Why I Rewrote Chronic
It seems like a pretty epic yak shave. If you want to parse natural language dates in ruby, you use Chronic. That’s just how it is. (There’s also Tickle for recurring dates, which is similar, but based on Chronic anyways.) It’s the standard, everyone uses it, so why oh why did I write my own version from scratch?
Three reasons I can see.
Chronic is unmaintained. Check the network graph for Chronic. A more avid historian could turn this into an epic teledrama, but for now here’s the summary: The main repository hasn’t had a commit since late 2008. Evaryont made a valiant attempt to take the reins, but his stamina only lasted an extra year to August 2009. Since then numerous people have forked his efforts, mostly to add 1.9 support. These efforts are fragmented though. The inertia of such a large project with no clear leadership sees every man running for himself.
Further, the new maintainers aren’t providing a rock solid base. From Evaryont’s README:
I decided on my own volition that the 40-some (as reported by Github) network should be merged together. I got it to run, but quite haphazardly. There are a lot of new features (mostly undocumented except the git logs) so be a little flexible in your language passed to Chronic. [emphasis mine]

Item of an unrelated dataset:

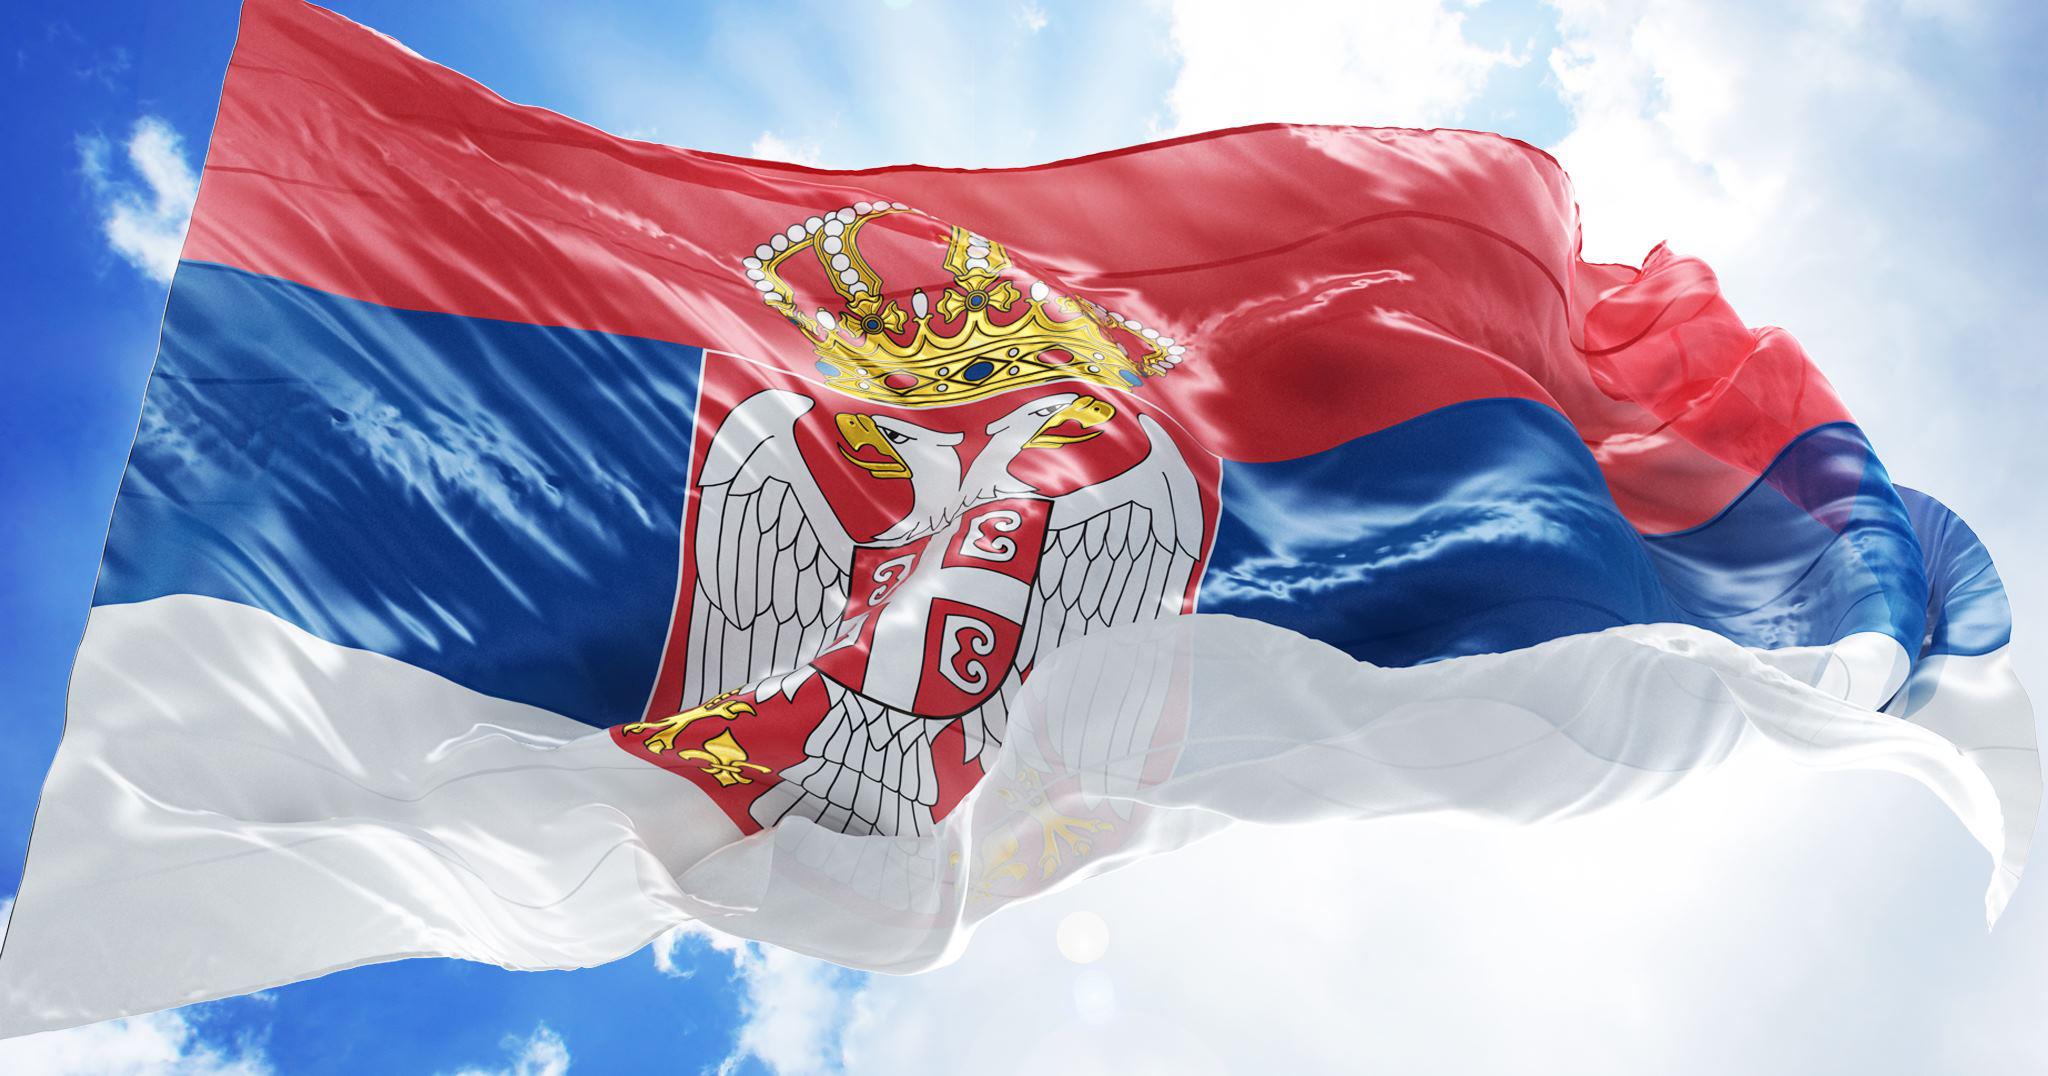 zastava-srbije-srpska-zastava-serbian-flag-serbia-grb-trobojka-srbija

This does not fill me with confidence.
Chronic has a large barrier to entry. Natural date parsing is a big challenge. In the original README, there are ~50 examples of formats it supports, and that is excluding all of the features added in forks in the last two years. The result is a large code base which is intimidating for a new comer, especially with no high level guidance as to how everything fits together. On a project of this size, “the documentation is in the specs” is insufficient. I know what it does, I need to know how it does it.
Chronic solves the wrong problem. I want an alternative to date pickers. As such, I don’t need time support, and I only need very simple day parsing. Chronic seems geared towards a calendar type application (“tomorrow at 6:45pm”), but also parses many expressions which simply are not useful in a real application either because they are obtuse - “7 hours before tomorrow at noon” - or just not how users think about dates - “3 months ago saturday at 5:00 pm”. (Note the last assertion is a totally unsubstantiated claim with no user research to support it.)
Further, it is not hard to find simple examples that Chronic doesn’t support. Omitting a year is an easy one: 14 Sep, April 9.
So what to do?
Chronic needs a leader. Chronic neads a hero. One man to reunite the forks, document the code, and deliver it to the promised land.
I am not that man.
I sketched out the formats I actually needed to support for my application, looked at it and thought “really it can’t be that hard”. Natural date parsing is hard; parsing only the dates your application requires is easy. One hour later I had a gem that not only had 100% support for all of the Chronic features I had been using, but also covered some extra formats I wanted (“14 Sep”), and could also convert a date back into a human readable description. That’s less time than I had already sunk into trying to get Chronic working.
Less than 100 lines of code, totally specced, totally solved my problem. Ultimately, I don’t want to deal with this problem, so I wanted the easiest solution. While patching Chronic would intuitively appear to be pragmatic, a quick spike in the other direction turned out to be worthwhile. Sometimes 80% just isn’t that hard.